Follow Us @soratemplates

Monday, 29 September 2014

Should We?

Satu bulan lagi koas saya selesai. Satu bulan lagi saya sudah tak bisa berlindung dengan dalih, "Kan masih koas". Satu bulan lagi saya berproses menghapus kata 'muda' dari titel dokter muda saya. Dan tiba-tiba saya ketakutan.

Saya ketakutan apa yang akan saya lakukan setelah ini. Bukan karena akan menjadi pengangguran, melainkan membayangkan tanggung jawab yang akan kami pegang. Saya melihat dokter-dokter di sekitar saya, dan saya bertanya "Haruskah kami begitu juga nantinya?"

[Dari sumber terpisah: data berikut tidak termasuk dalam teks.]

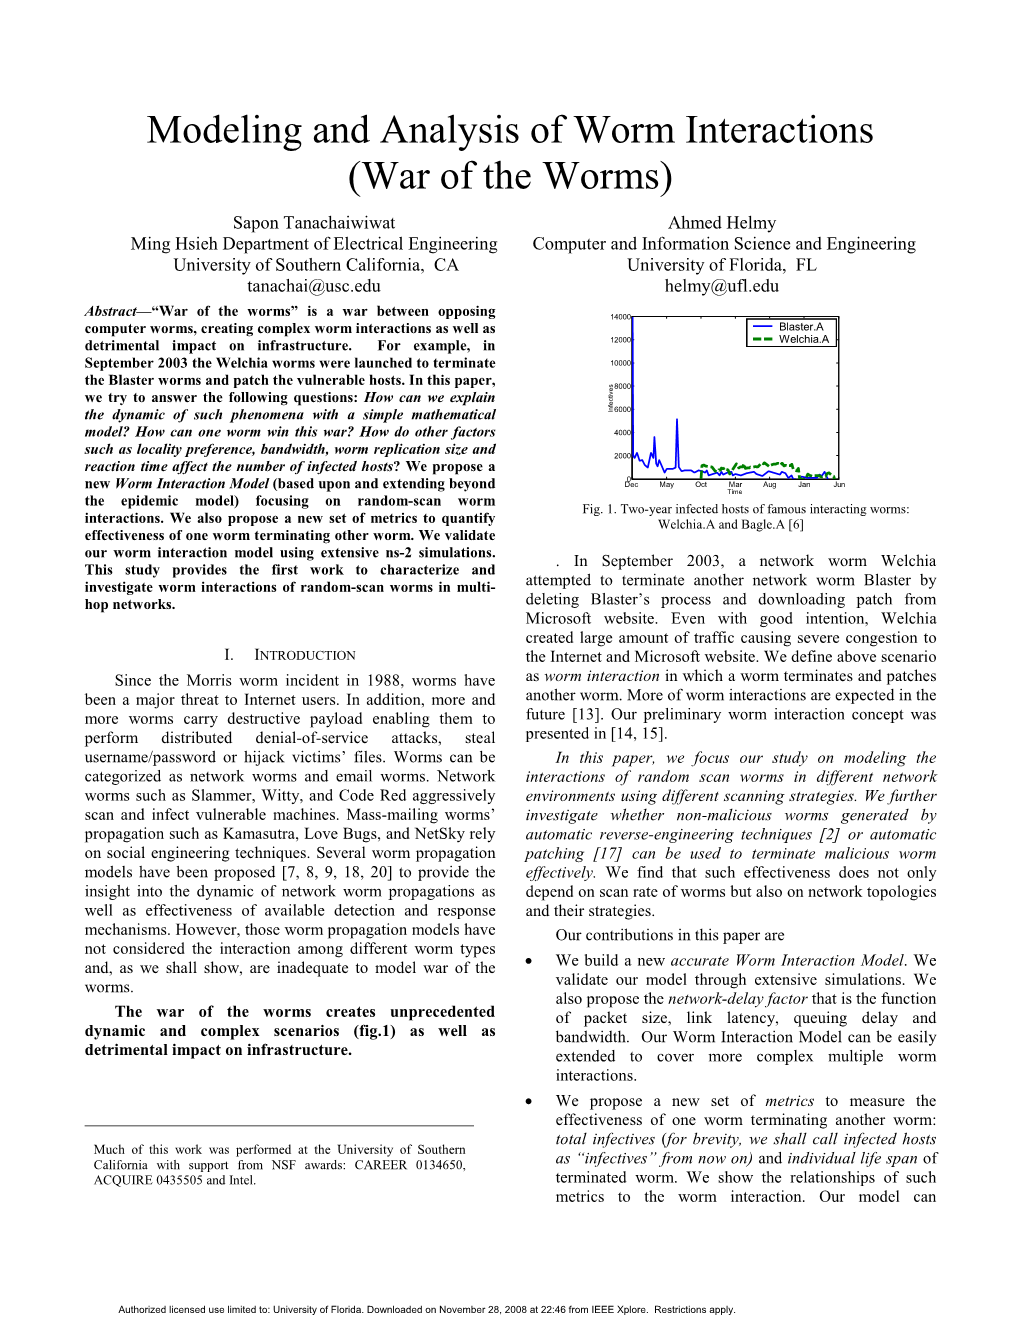 Modeling and Analysis of Worm Interactions (War of the Worms)

Saat ini saya sedang menemani teman yang akan ujian stase anak. Waktu sudah menunjukkan pukul 22.00 dan pasien terakhir belum selesai diperiksa. Dokter yang memeriksa sudah berumur, sudah nenek-nenek yang menurut kami, "Ya Allah, apa beliau tidak lelah hingga selarut ini?"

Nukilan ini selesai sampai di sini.